Square’s parent company, Block (SQ), released its fourth-quarter earnings report on Thursday, revealing a mixed performance with earnings missing estimates while revenue slightly surpassed expectations. However, other financial metrics showed a varied outcome, with first-quarter guidance for SQ stock exceeding forecasts.
In the period ending December 31, Square reported adjusted earnings of 45 cents per share, marking a significant increase of 109% compared to the same period a year ago. Despite this impressive growth, analysts had anticipated earnings of 58 cents per share, falling short of expectations.
Net revenue for the quarter reached $5.77 billion, inclusive of Cash App transactions for bitcoin. This figure exceeded analyst predictions of $5.69 billion for SQ stock.
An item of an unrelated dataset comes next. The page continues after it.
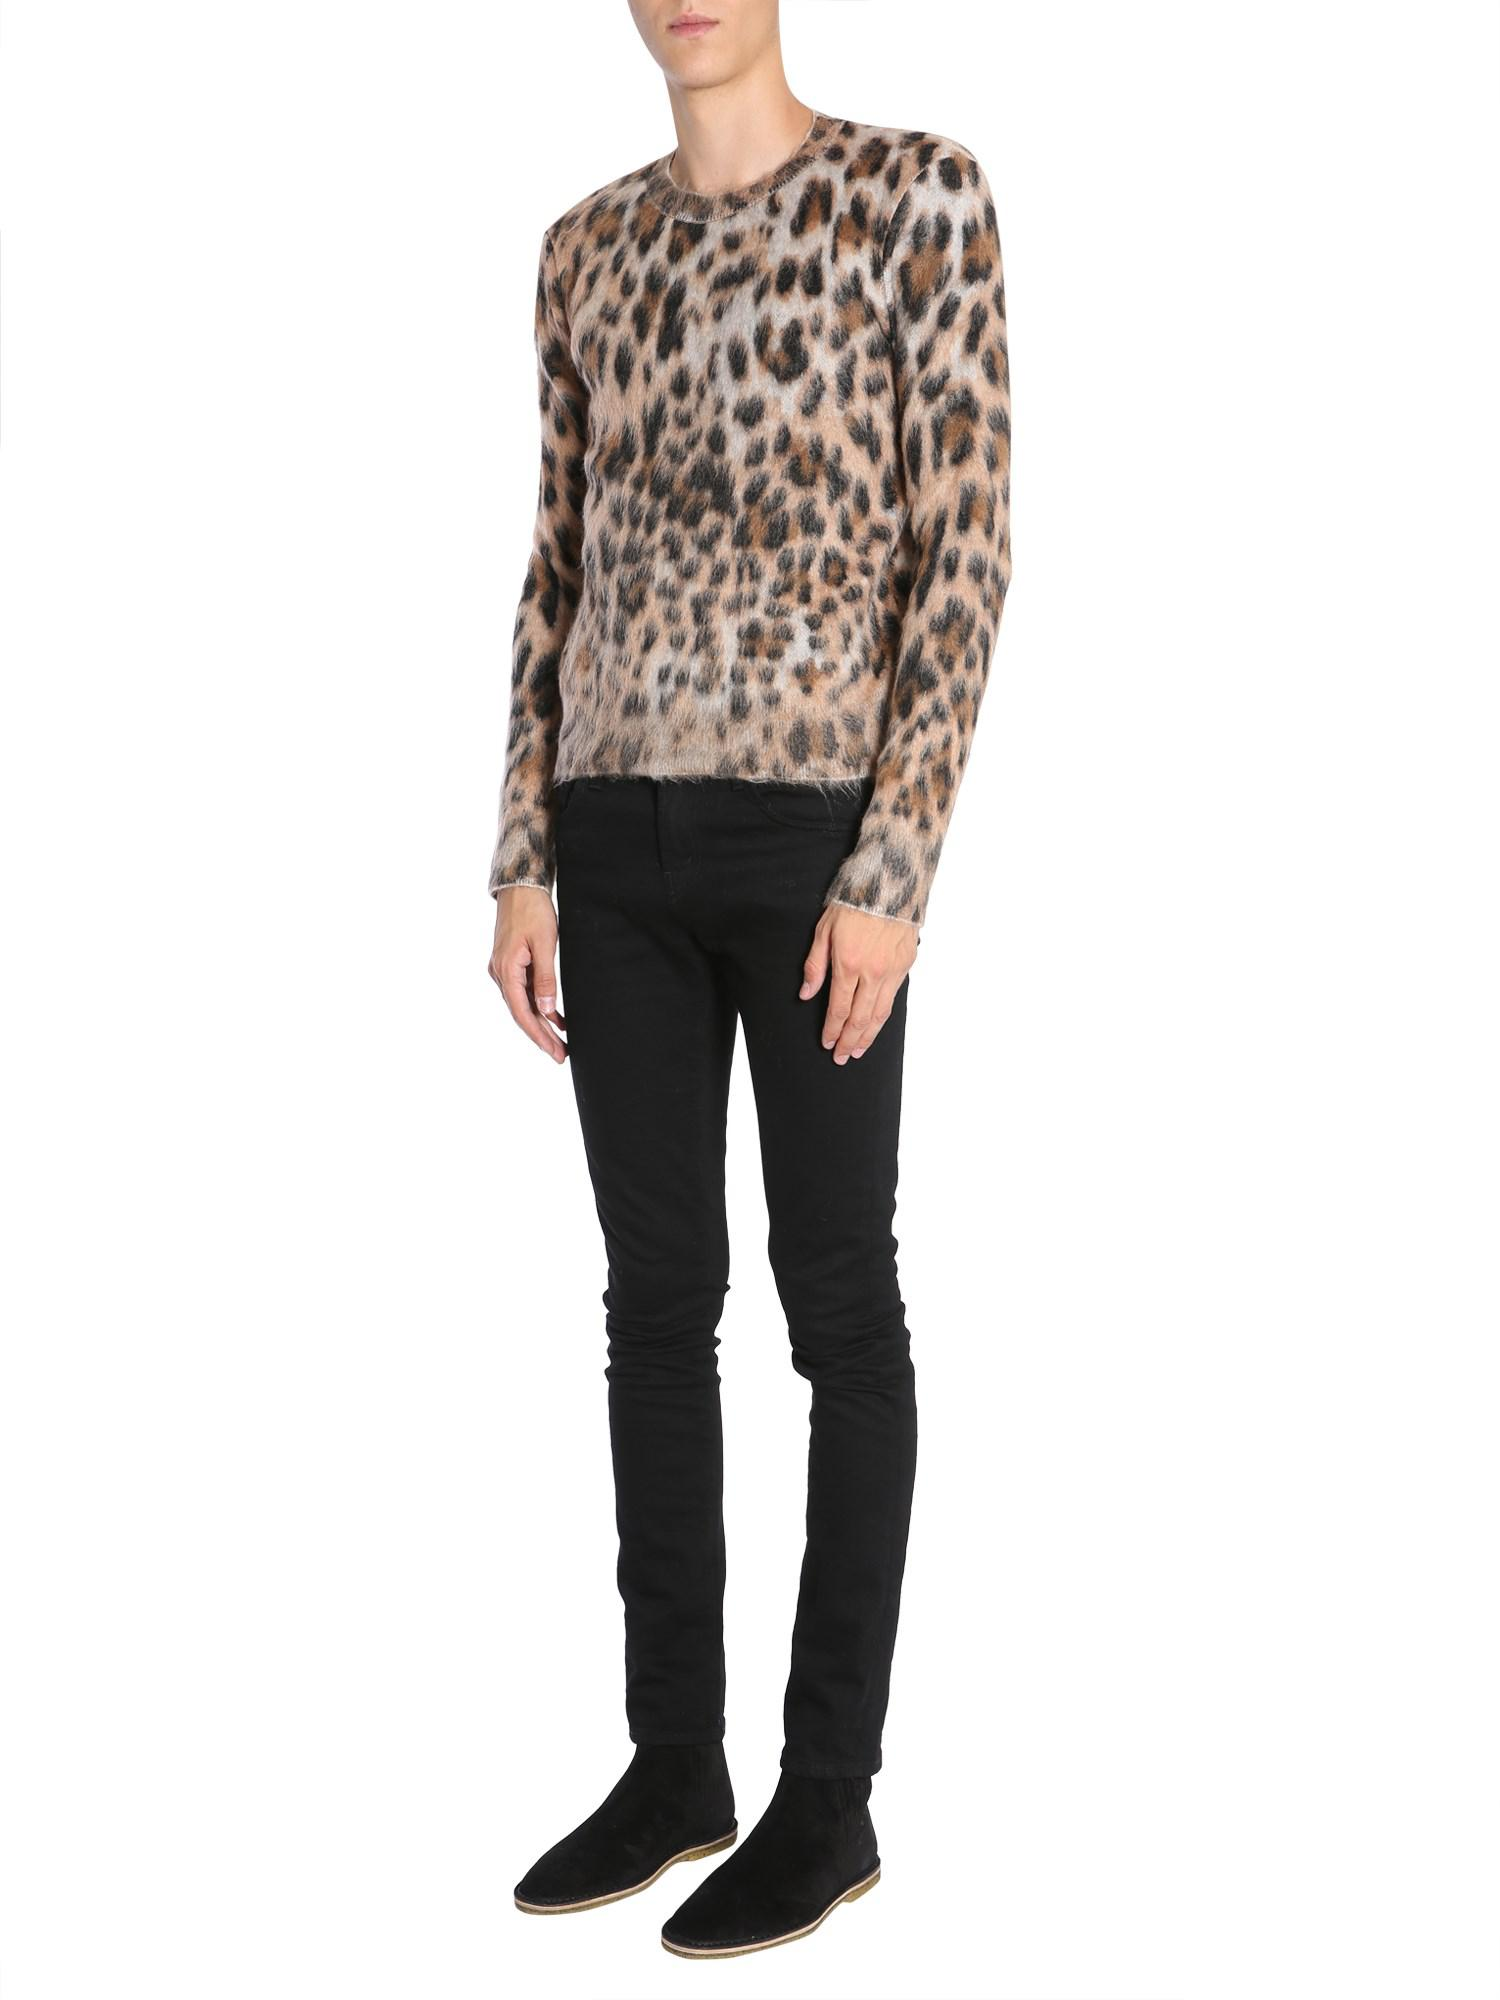 645fb9515e8 Lyst - Saint Laurent Textured Leopard Print Sweater in Brown for Men ...
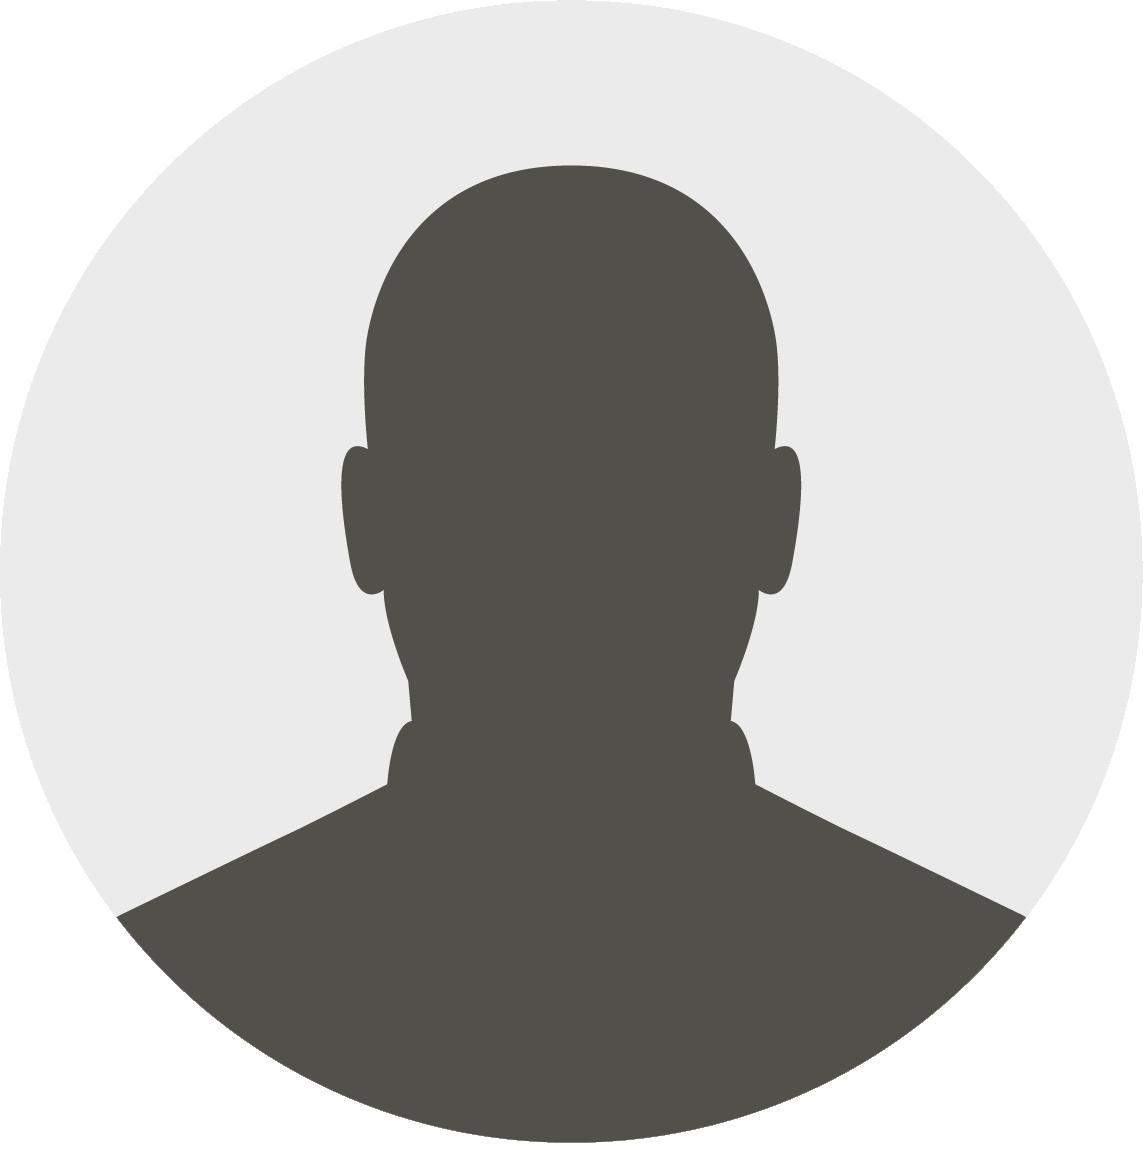 Christopher Ngobi

Following the earnings release after the market close, SQ stock surged by 10.2% in extended trading, reaching near 75.
Gross profit, considered a crucial metric for SQ stock by financial analysts, increased by 22% to $2.03 billion, slightly surpassing estimates of $1.97 billion. Cost-cutting measures contributed to a notable improvement in earnings before interest, taxes, depreciation, and amortization (EBITDA), which rose by 28% to $562 million, surpassing estimates of $447.3 million.
However, gross payment volume from merchant customer transactions in the fourth quarter grew by only 10% to $53.54 billion, missing analyst estimates of $58.50 billion.
Looking ahead to the first quarter of 2024, Square anticipates EBITDA of $580 million, surpassing analyst projections of $515 million for the quarter ending in March.
Prior to the earnings report, SQ stock had experienced a 13% decline in 2024. The earnings report also encompassed Block’s acquisition of consumer lending firm Afterpay.
Despite these developments, Square stock maintains a relatively weak Relative Strength Rating of 62 out of a possible 99, according to IBD Stock Checkup.